Carson was part of the American water polo team in the 1920 Antwerp Olympics which finished fourth in the Olympic Men's water polo tournament. The US water polo team was coached by Austrian-born American swimmer Otto Wahle, a 1900 and 1904 Olympic medalist and Water Polo Hall of Fame inductee. Great Britain, and the hometown team from Belgium were early favorites to medal in the tournament. The American team defeated Greece in the first Water Polo Match of the Quarterfinals 7-0, on August 24, but lost to Great Britain in the Semi-finals 7-2, eliminating them from the final round. The U.S. team later defeated Belgium 7-2 in a consolation round to determine the 2nd to 5th place finishers. Great Britain took the gold medal, Belgium took the silver, and Sweden took the bronze.

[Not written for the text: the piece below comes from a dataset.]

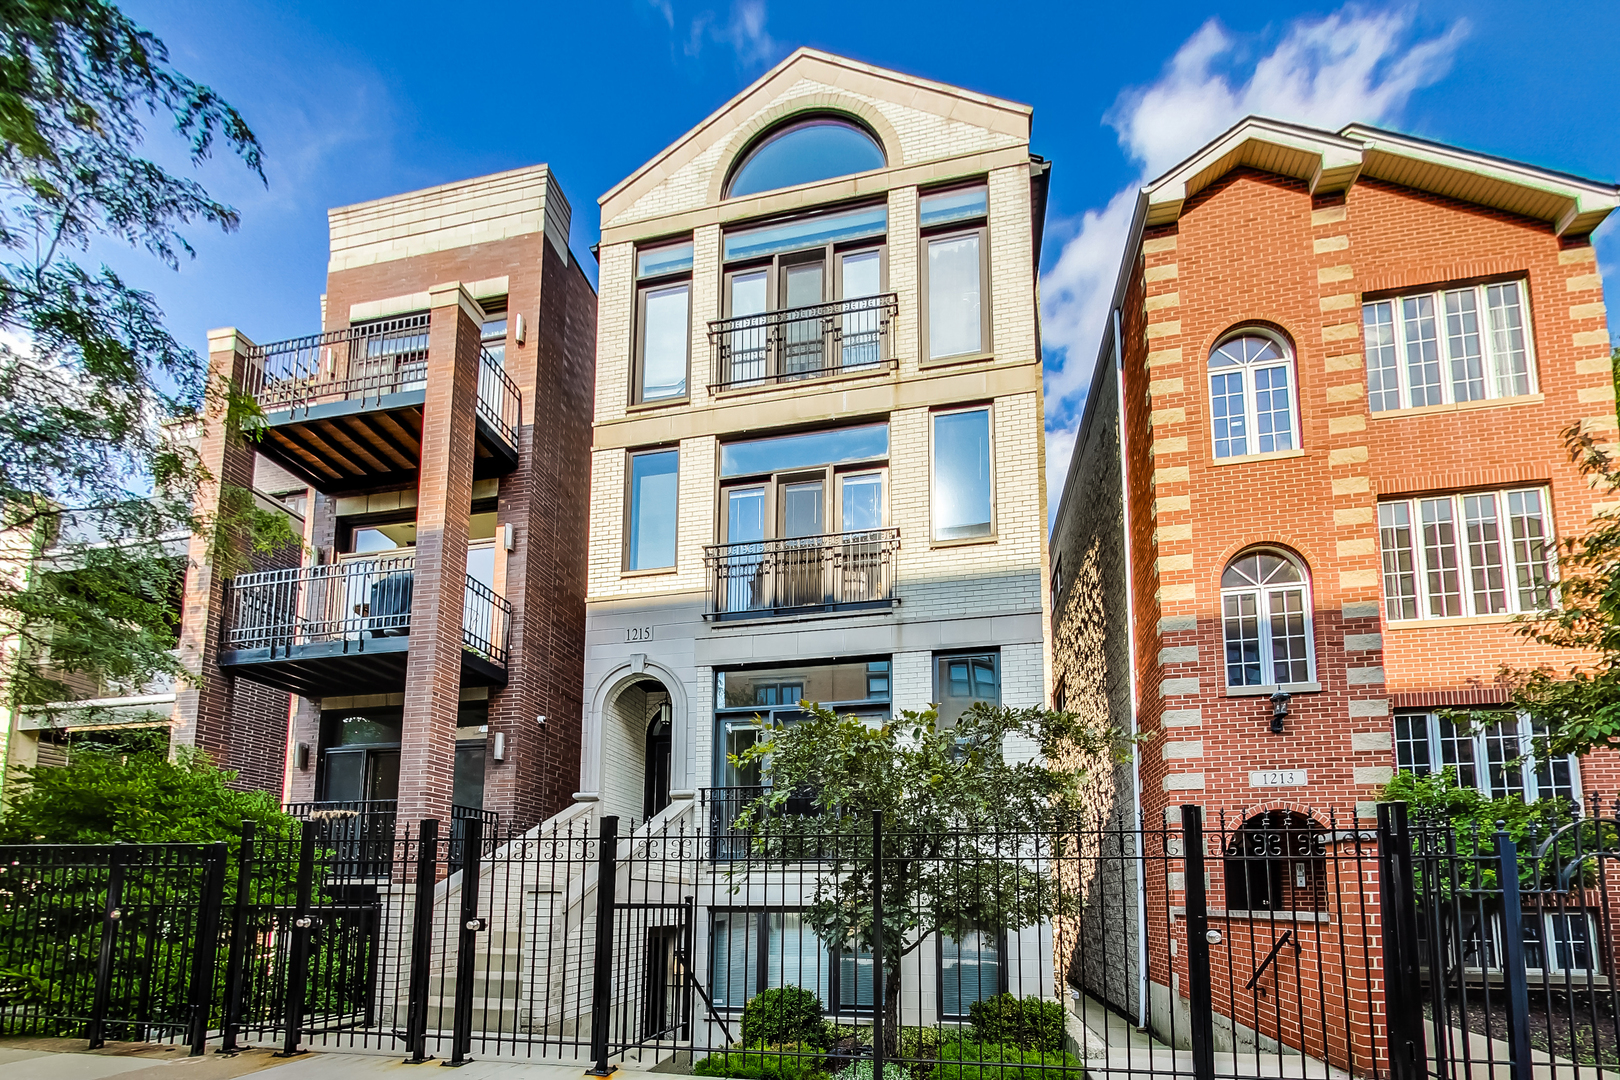 1215 N Cleaver St apartments for rent at AptAmigo

After completing medical school, he had a career as a physician and surgeon. Carson served with the US Navy during WWII and obtained the rank of Lieutenant Commander.

While already practicing as a physician, Carson married Felicia Miekle on September 1, 1929 at San Francisco's St. Vincent de Paul Church. His son James Carson Jr. also became a physician.

He died at age 62 in on May 13, 1964 in San Francisco, the place of his birth, and was buried at San Francisco's Golden Gate National Cemetery.